7. You want to know the effect of light source on pumpkins. You grow 10 pumpkin plants under natural sunlight, 10 pumpkin plants under fluorescent light, and 10 pumpkin plants under incandescent light. You remove excess flowers, so each plant will have only one pumpkin. When the pumpkins are three months old, you measure the diameter of the pumpkins. Which test should you use?
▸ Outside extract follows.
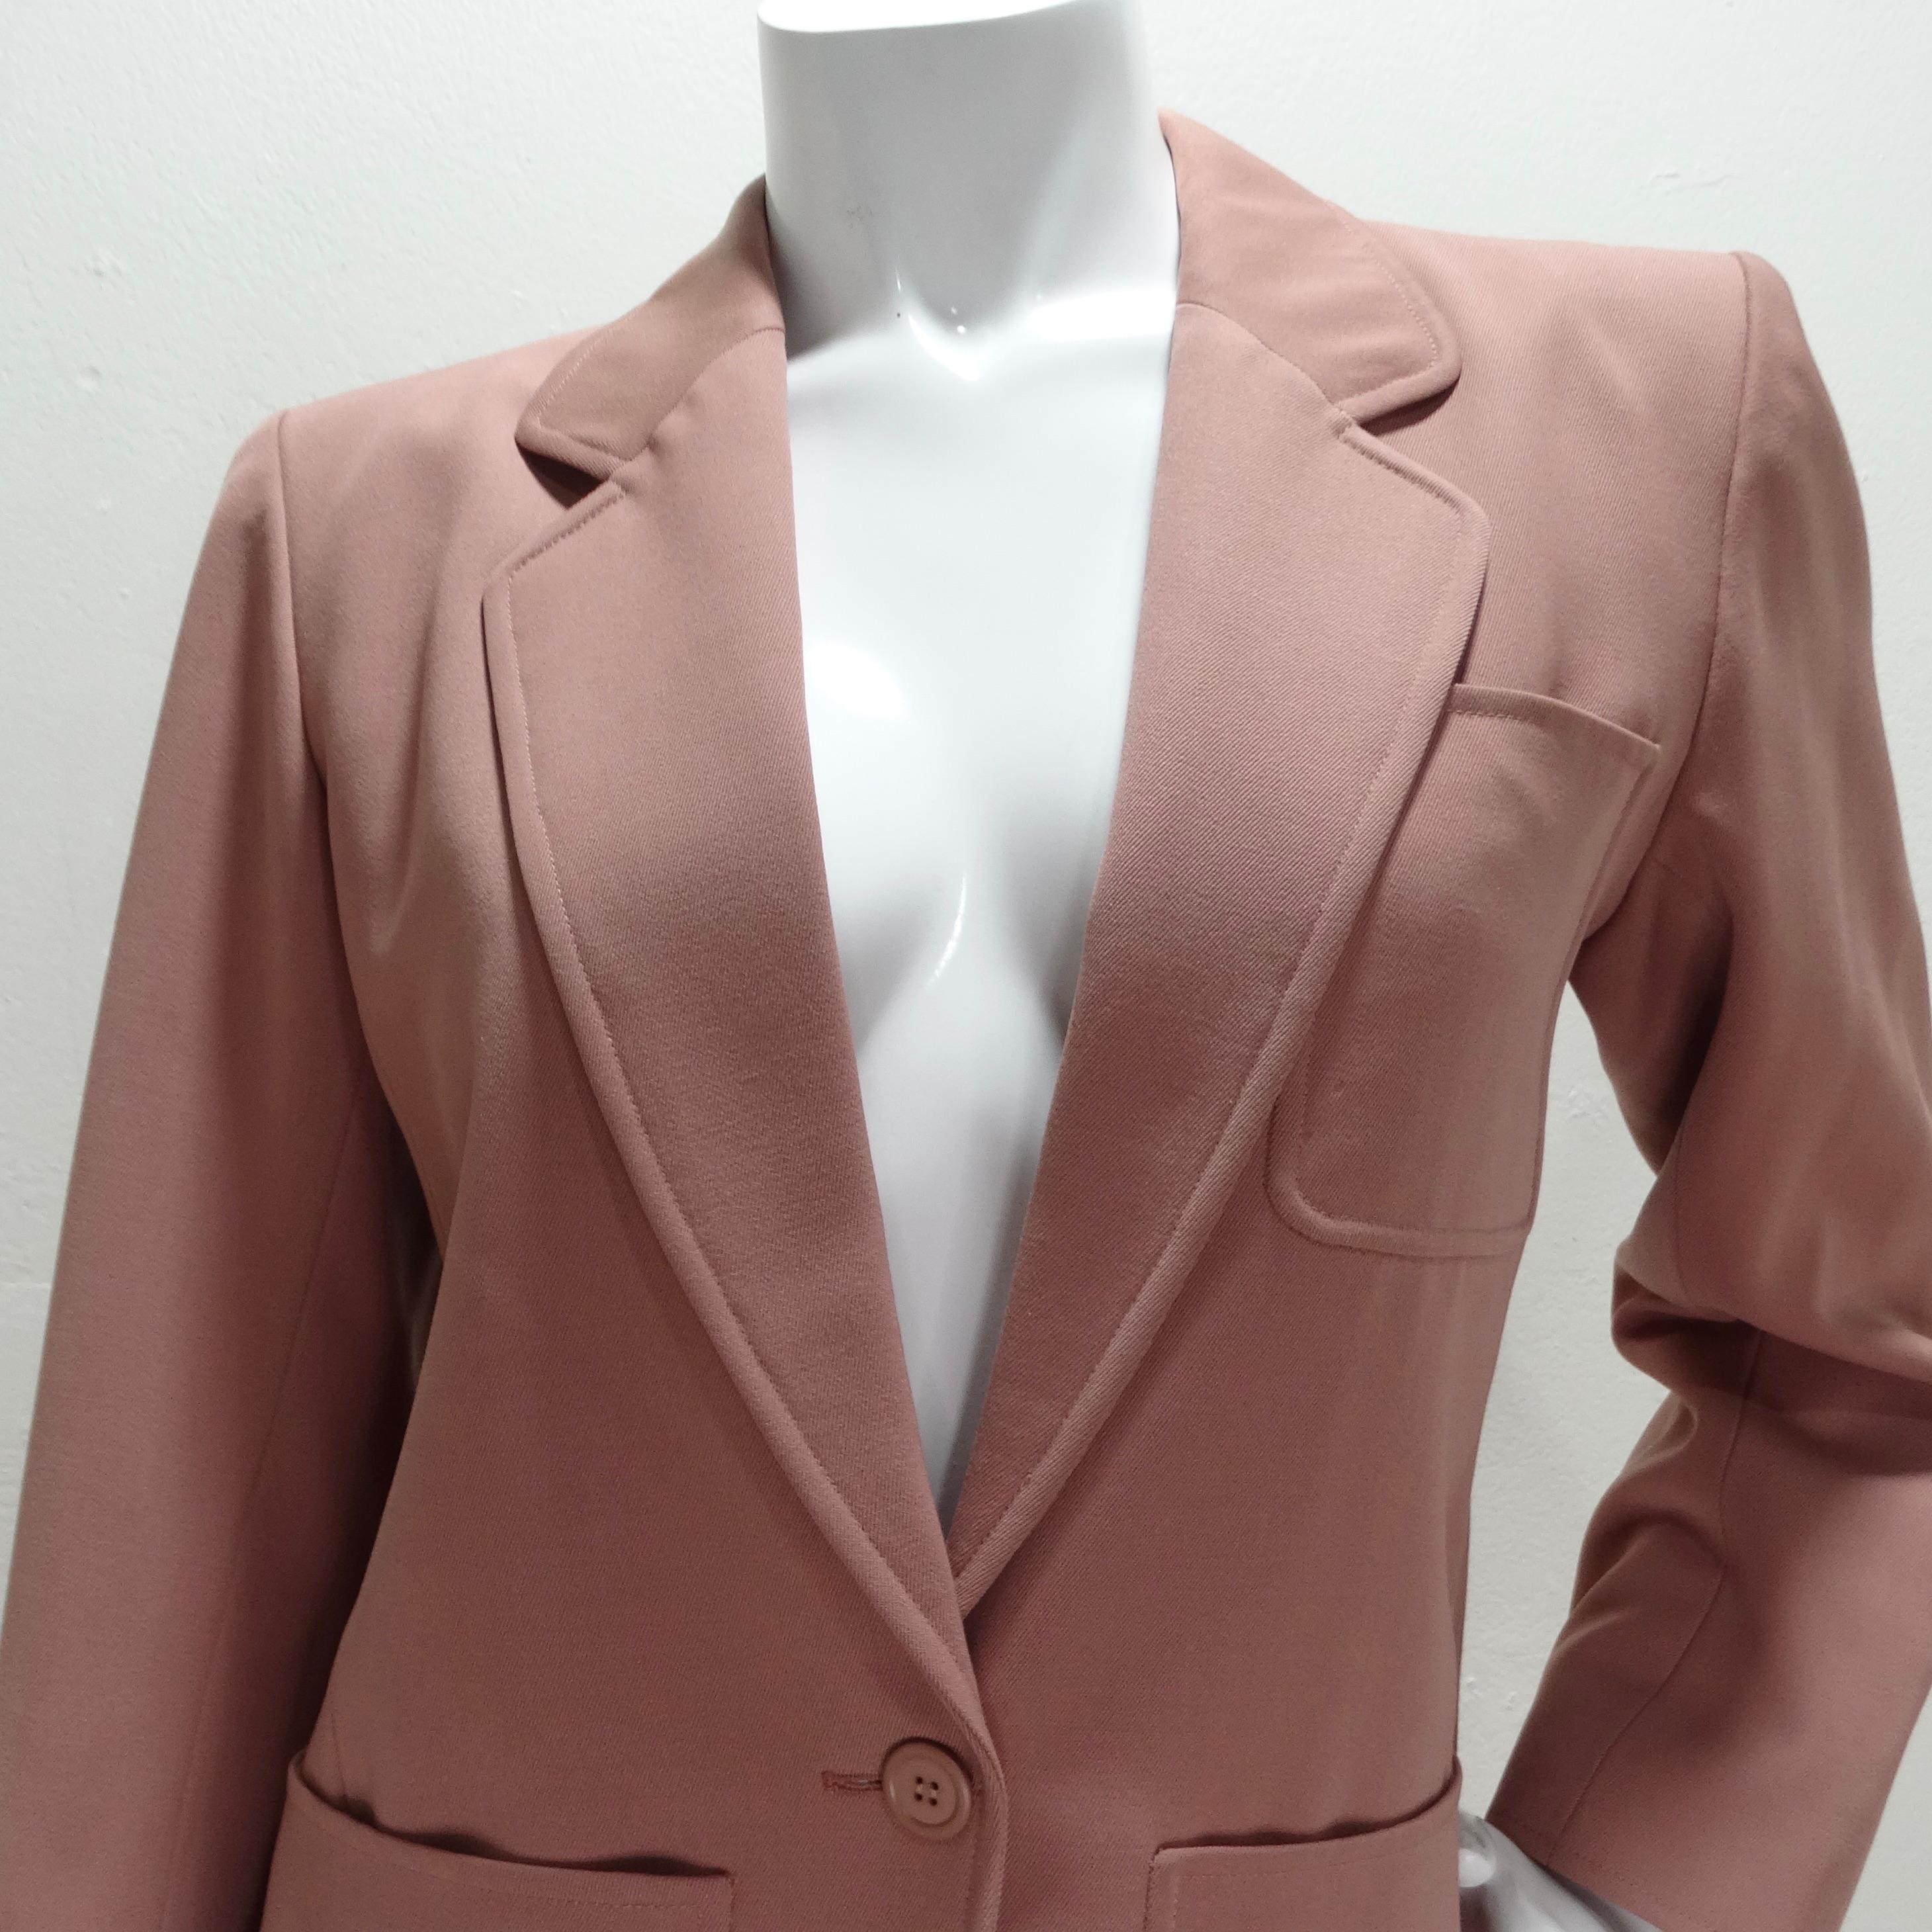 Elevate your wardrobe with the Yves Saint Laurent 1980s Blush Blazer, a classic women's blazer that embodies timeless elegance. This beautifully crafted blazer features a structured collar, two spacious center pockets, and a breast pocket, all

8. You want to know whether keeping sheep in indoor cages affects the weight of their offspring. You weigh 30 newborn lambs from ewes kept full-time in cages, 30 lambs from ewes caged at nights only, and 30 lambs from ewes kept outdoors. What should you do next?
9. You want to breed miniature schnauzers that don't bark so much, but you don't know whether there is any genetic variation among families for barkiness. You obtain 7 litters of miniature schnauzers, raise them under similar conditions, then record how many times each dog barks when a stranger approaches it. You do this once for each dog. Which test should you use?
10. You want to know whether mice can see colors. Twenty times a day for two weeks, you put a piece of mouse food in a small red box and put it in a cage with one mouse. The mouse can tip the box over and get the food out. At the same time, you also put mouse food in a green box; it looks and smells the same as the red box, but is glued shut so the mouse can't get the food out. At the end of the two weeks, you put the two boxes in with the mouse for 10 more times. The mouse pushes over the red box first eight times and the green box two times. Which test should you use?
11. You have been observing a large troop of monkeys in the Philadelphia zoo. Some of the monkeys were born there, and the other monkeys were brought there from other zoos. By careful observation of their social interactions, you have put the monkeys in order from most dominant to least dominant: which monkey is dominant over all, which monkey submits only to the most dominant, etc., all the way down to the poor monkey that submits to every other monkey. You want to know whether monkeys born at the Philadelphia zoo tend to be more dominant compared with monkeys brought from other zoos. Which test should you use?
12. You want to know whether aspirin taken during pregnancy has an effect on the sex of offspring. You ask 1072 new mothers whether they took aspirin during the first three months of their pregnancy, and you also ask them whether they had a boy or a girl. Which test should you use?